Durkheim argued, in part, that a functioning society needed some sort of moral steering—a secular morality, by his preference—and that such a public morality was best imparted through the public education system. Agree or disagree with the particulars as you will, but I find myself conscious of how I work at a public higher education institution; and that higher education ostensibly exists for the betterment of society (at least, this is or was popularly agreed upon) yet has quite plainly been captured by corporate interests and industrialized as an institution for awarding credentials.

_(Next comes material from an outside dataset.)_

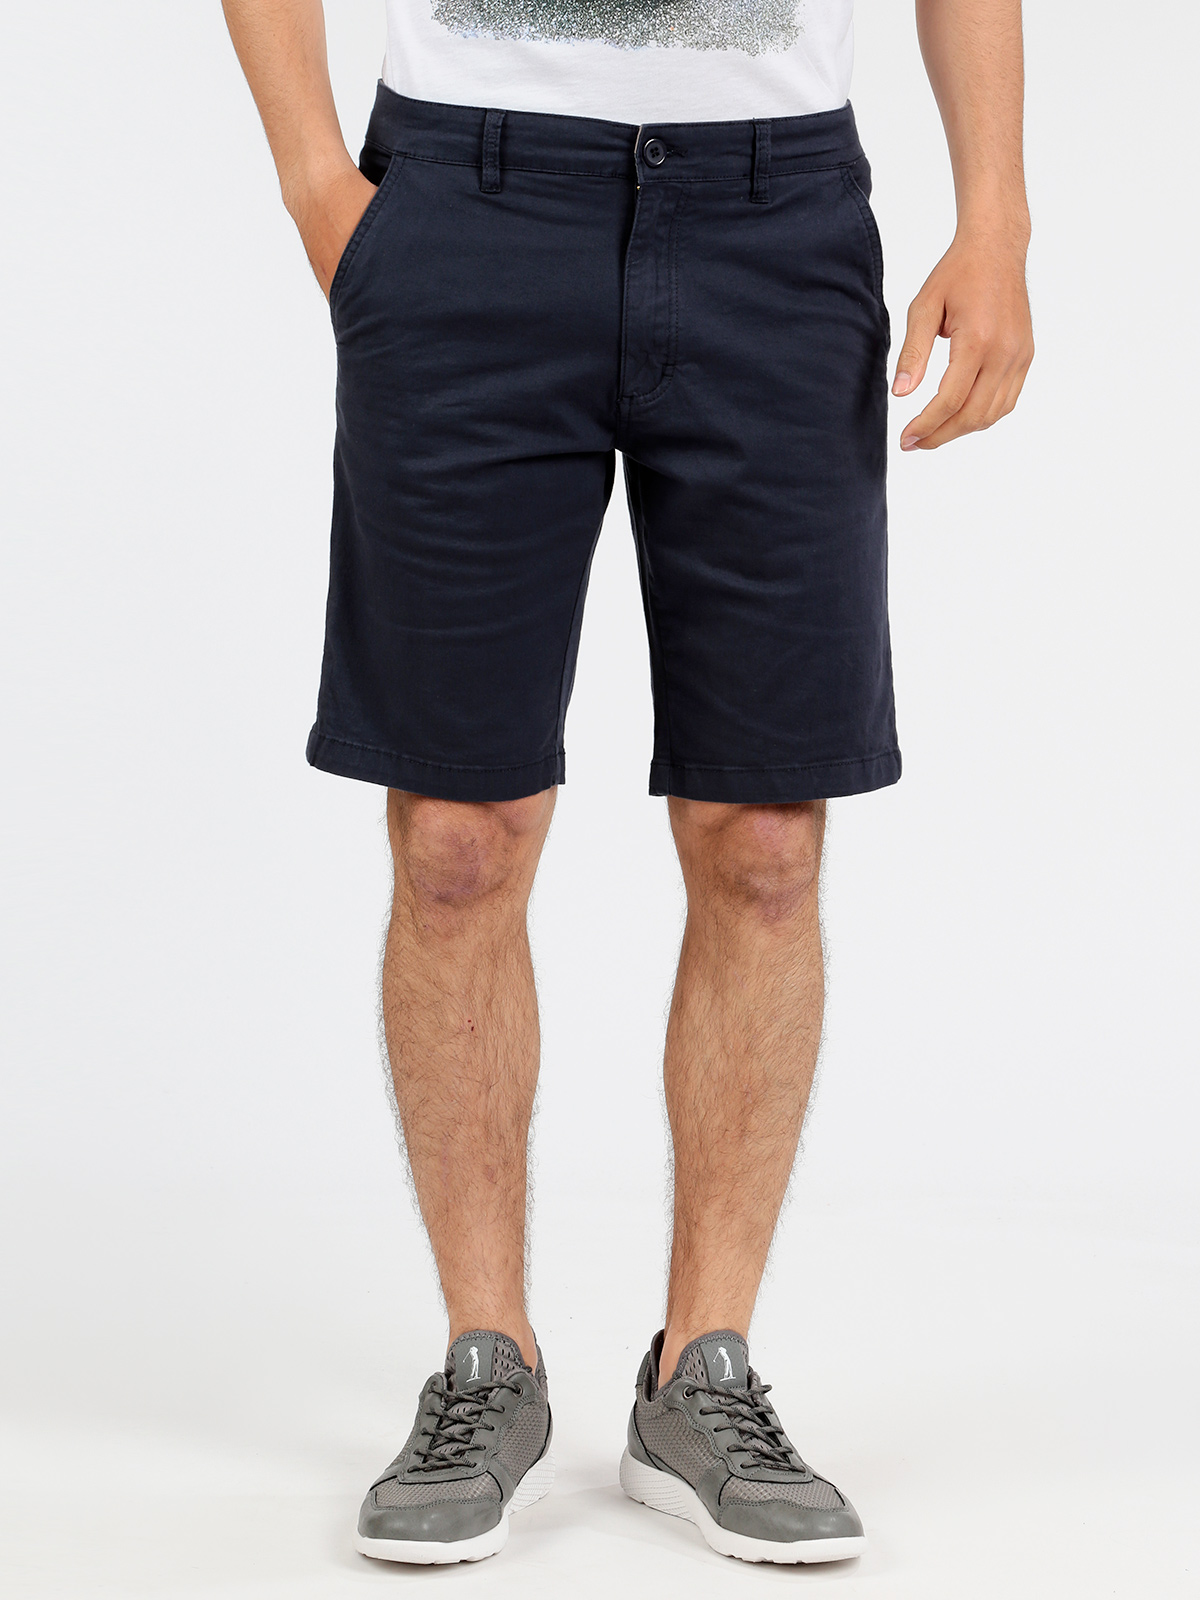 Bear Men's Summer Casual Shorts

[8] Industry likes workers displaced from their households or even their home communities—look at the demographic move to factory towns in the early Industrial Revolution, or the abundance of migrant labor in China at present. The atomization and isolation of workers rebalances the market into something more employer-friendly. I note, too, how often it is that junior academics are expected to displace themselves repeatedly, whether for opportunities that are at once scarce, short-term, and precarious (I’m thinking especially of post-docs) or for hyper-specialized full faculty positions that, during any given hiring year, might only emerge as a few dots on a global map if at all.